--- Exercise description ---
The whole listing needs to be written out exactly, except for any images.
═════ Supplied data ═════
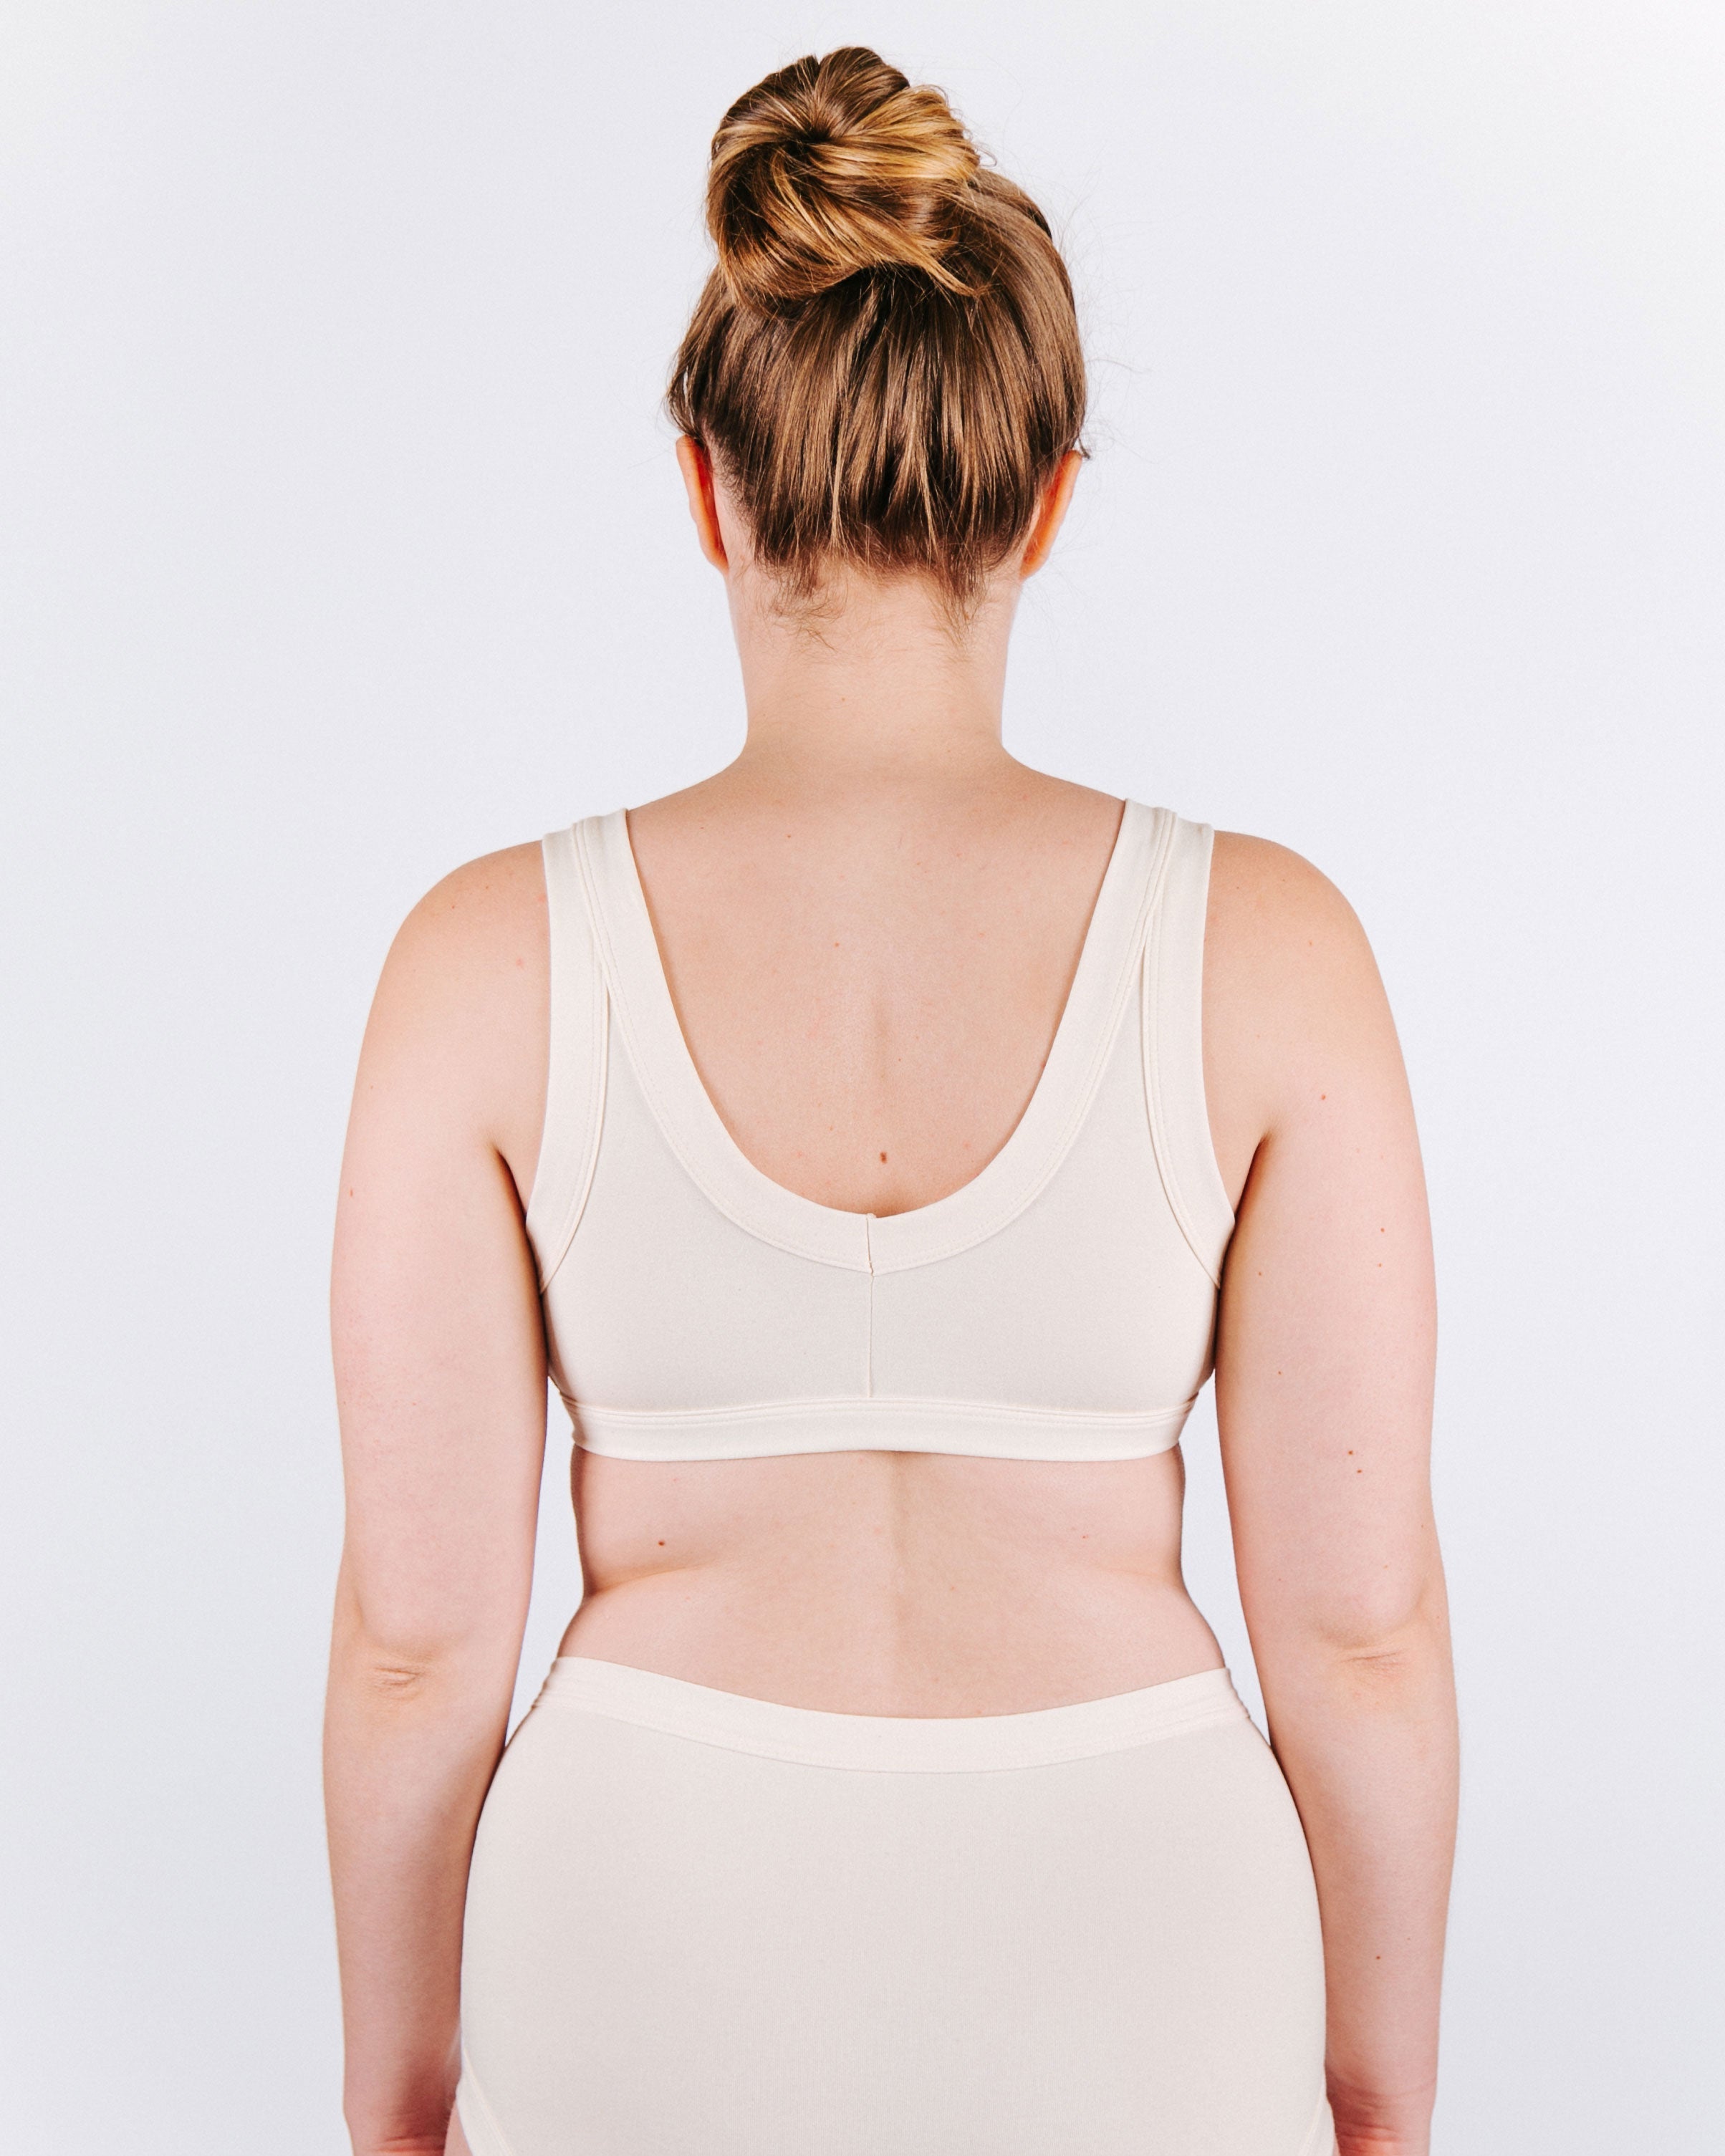 Fit photo from the back of Thunderpants organic cotton Bralette and Original Style underwear in off-white on a model.
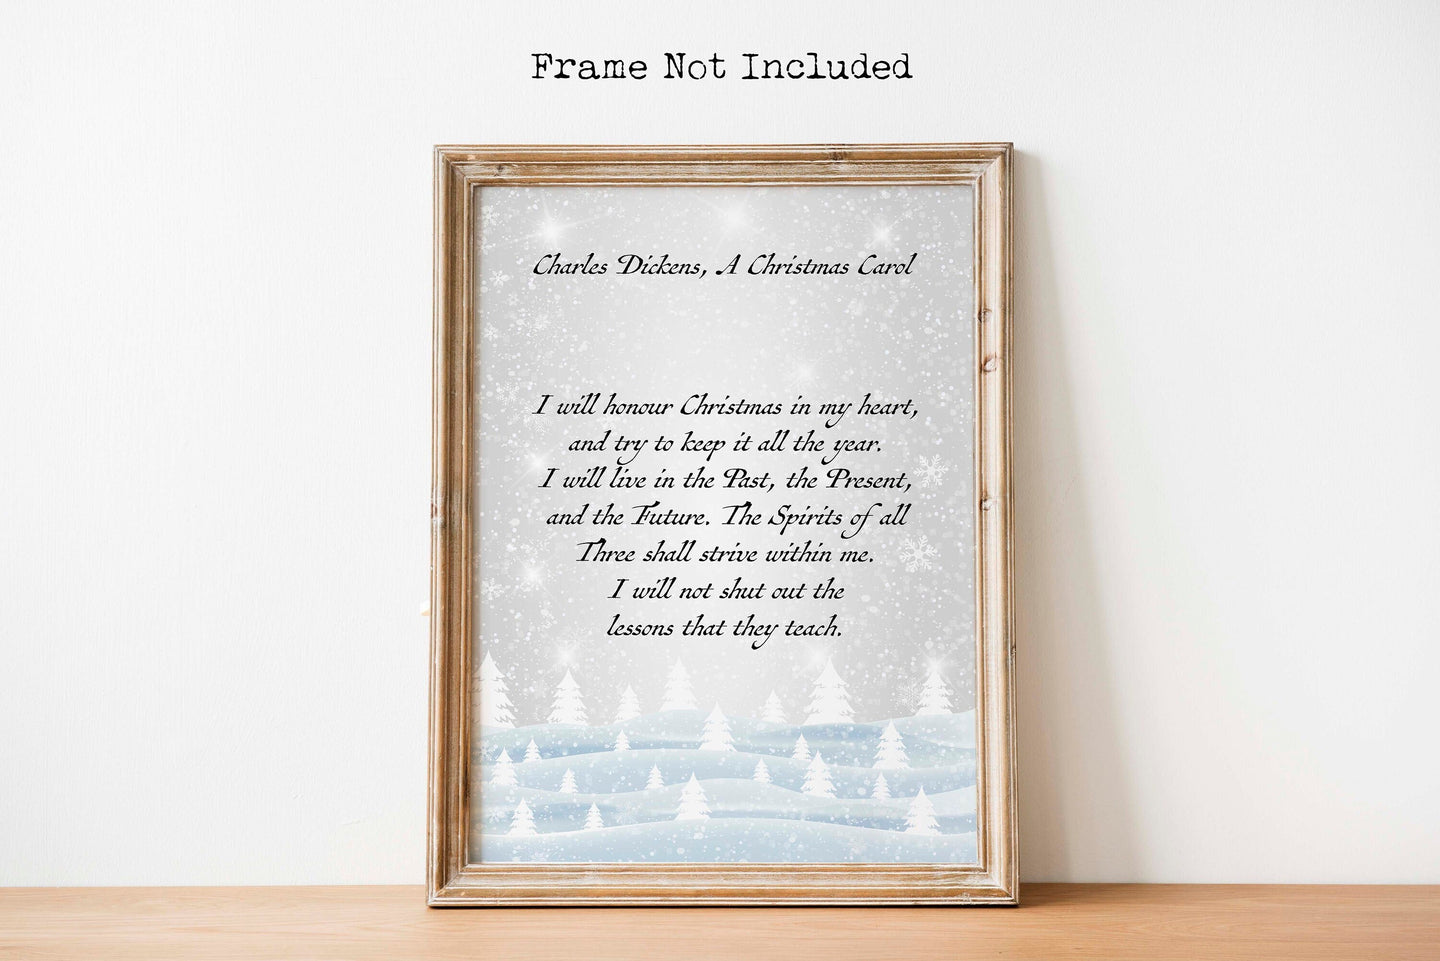 A Christmas Carol Quote - Charles Dickens I will honor Christmas in my heart - Literary wall art poster print, physical print without frame
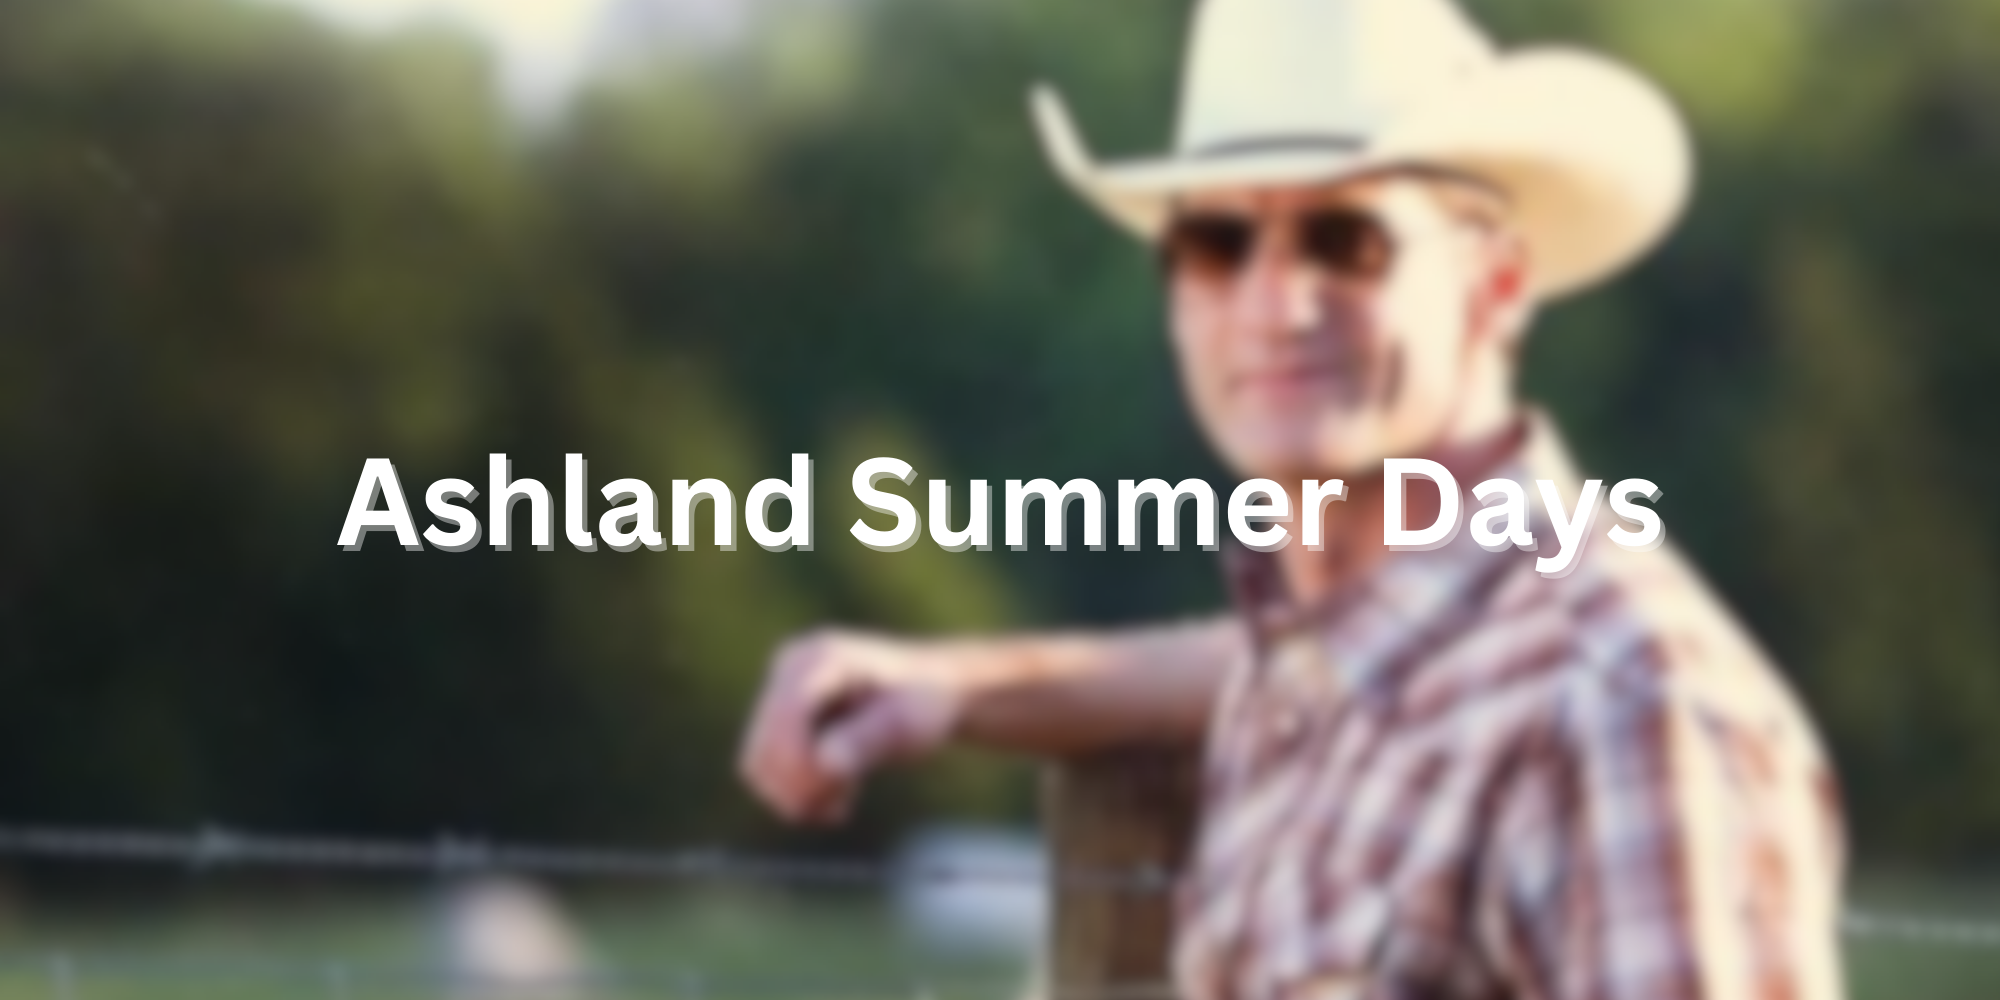 picture of blurred cowboy that says "ashland summer days"
═════
--- Exercise output ---
 Fit photo from the back of Thunderpants organic cotton Bralette and Original Style underwear in off-white on a model.
 A Christmas Carol Quote - Charles Dickens I will honor Christmas in my heart - Literary wall art poster print, physical print without frame
 picture of blurred cowboy that says "ashland summer days"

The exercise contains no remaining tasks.